If an arena size is not specified on the command line via --max-arena-size, Autodeploy will select the largest SRAM size available to the target. For AP510 EVBs, there is also an option to put models and/or the arena in PSRAM (see the Very Large Models section of the Autodeploy document). This same document details how autodeploy attempts to find the optimal setting for deploy the model.

Note This arena is only unknown the first time autodeploy is run on a model.
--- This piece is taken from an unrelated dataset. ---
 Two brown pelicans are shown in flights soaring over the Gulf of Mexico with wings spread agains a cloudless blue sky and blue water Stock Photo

Autodeploy will record the actual size after the first successful run, and can use that for subsquent runs.

This is a large model with a large arena - autodeploy will attempt to find the best fit for both weights and activations by default.
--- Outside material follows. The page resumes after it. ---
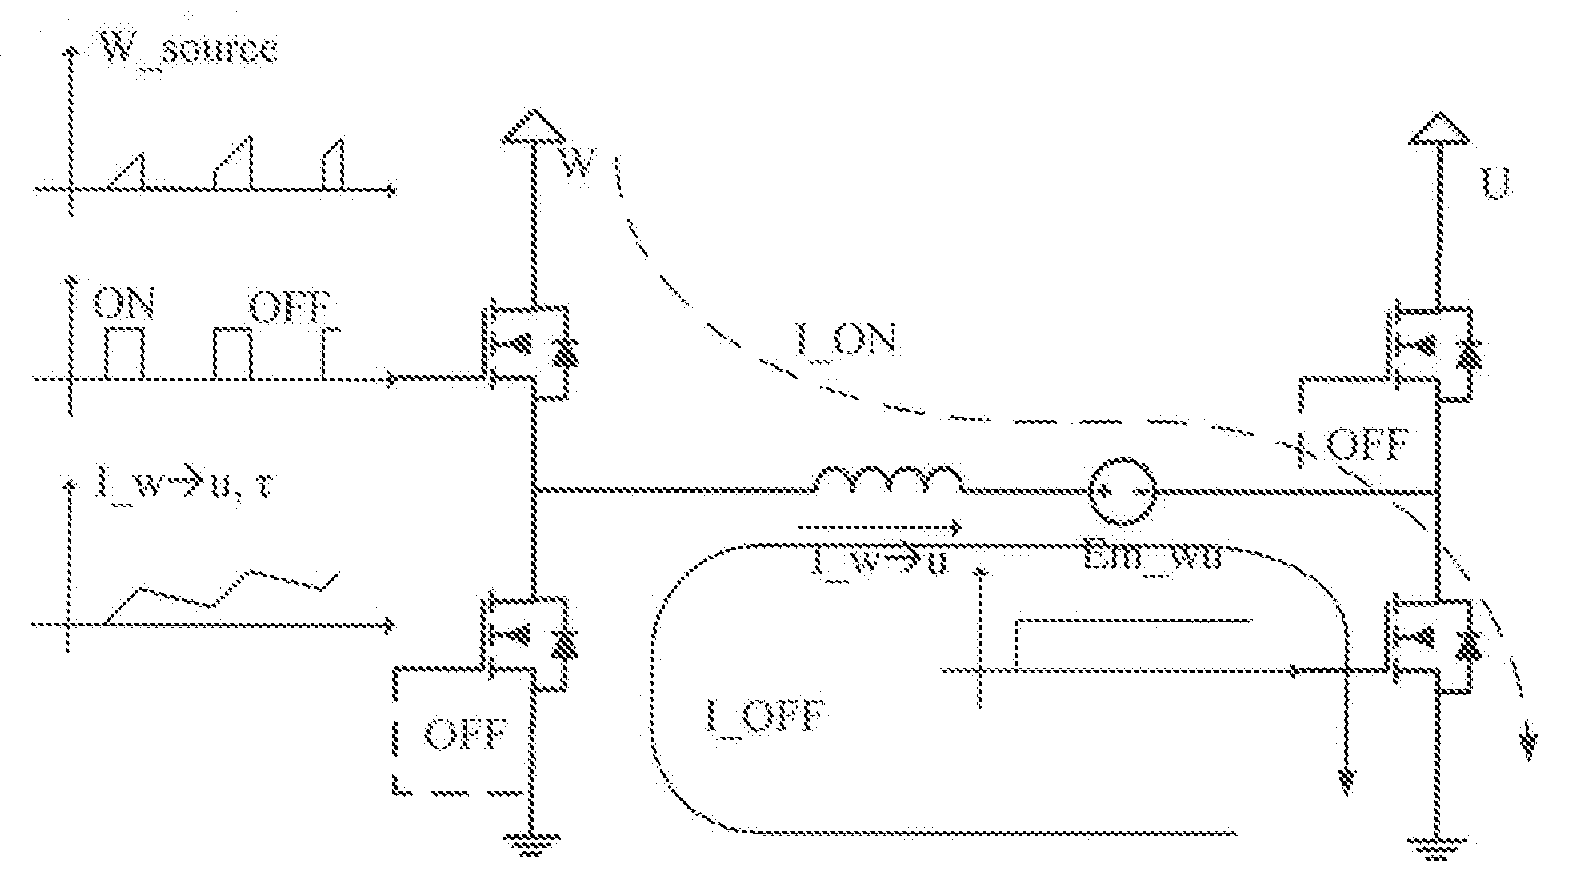 Electronic braking and energy recycling system associated with DC brushless motor

ns_autodeploy --model-name mnv3sm --tflite-filename mobilenet_v3_sm_a075_quant.tflite

This command will result in model being placed in MRAM and the arena in TCM (for an apollo510, at least).

Per Layer Profiling

We'll skip this for MobilenetV3 because of its size. Autodeploy does export all 115 layers with MACs, PMU, and cycle time details which can be subsequently analyzed.

Detailed Optimization

For this model, we used the automatic Joulescope instrumentation to measure power and timing details, and we ran the same model in both high performance and low power modes, using GCC13 and Armclang compilers.

mobilenet_v3_sm_a075_quant.tflite	AP510	RevB PCM1.0	EVB	GCC13	8-Oct	2333232	535	MRAM	SRAM	43399344	849.883	21708.563	25.543	2182.874	17120.087	7.843
mobilenet_v3_sm_a075_quant.tflite	AP510	RevB PCM1.0	EVB	Armclang	8-Oct	2333232	535	MRAM	SRAM	43399344	800.151	20395	25.489	2045.89	16433	8.03

Here, we can see an interesting result: Armclang produces 5% faster code. We find this is true across multiple mode architectures.

Note Autodeploy doesn't make 'special efforts' to minimize the power - the numbers it measures are for model optimization, and what matters there is relative performance. Data scientists may want to know how much power different models use in an apples-to-apples situation, but they'll leave the deep power optimization to the platform experts. That being said, neuralSPOT does have many power optimization tools that are not leveraged by Autodeploy.